India benefited from the dramatic fall in new Covid cases from the May peak. Indonesia, Thailand, and Vietnam all experienced significant spikes in Covid cases but stock market losses were minimal.
Of more importance was the 2.9% rise in the dollar index. This is usually associated with Asia underperforming and it did have such a marginal impact again this time round. As Asian economies, external finances are in much better shape now than during the 2013 taper tantrum investors are hopeful that the negative impact of tapering Quantitative Easing by the Federal Reserve will not be as great this time round. Asian economies will be further bolstered as trade and tourism recover from the pandemic.
Property REITs continued to rally during the month as investors sought out quality assets on low valuations. As if to reinforce that, the potential value in the property portfolio is a key consideration for the groups now bidding to acquire supermarket operator Morrisons.

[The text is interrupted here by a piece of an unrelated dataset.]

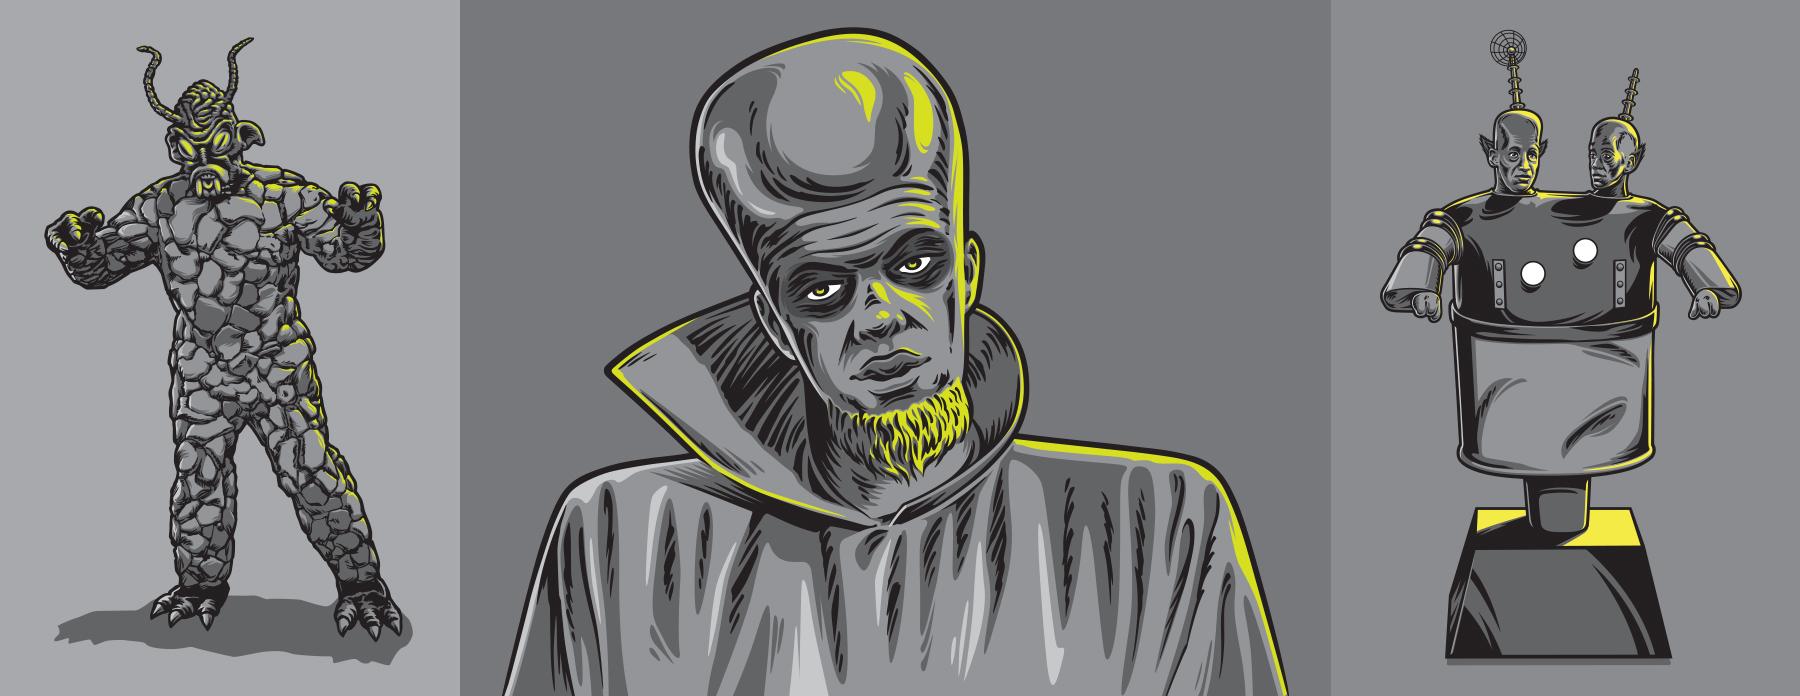 The Twilight Zone Illustrations - ID 2

Gold suffered its worst month since November 2016 in June, as the hawkish pivot by the Federal Reserve alleviated inflation fears in the market which had been very supportive for the precious metal. Sterling investors saw a decline of – 4.42%, while many industrial metals like Copper also fell sharply as China began efforts to rein in surging commodity prices. The exception to this was Oil, which drove yet higher still as post-pandemic recoveries continued at pace. Furthermore, OPEC+ discussions continued with a deal on supply expected at some point, this helped edge the oil price above $75 per barrel.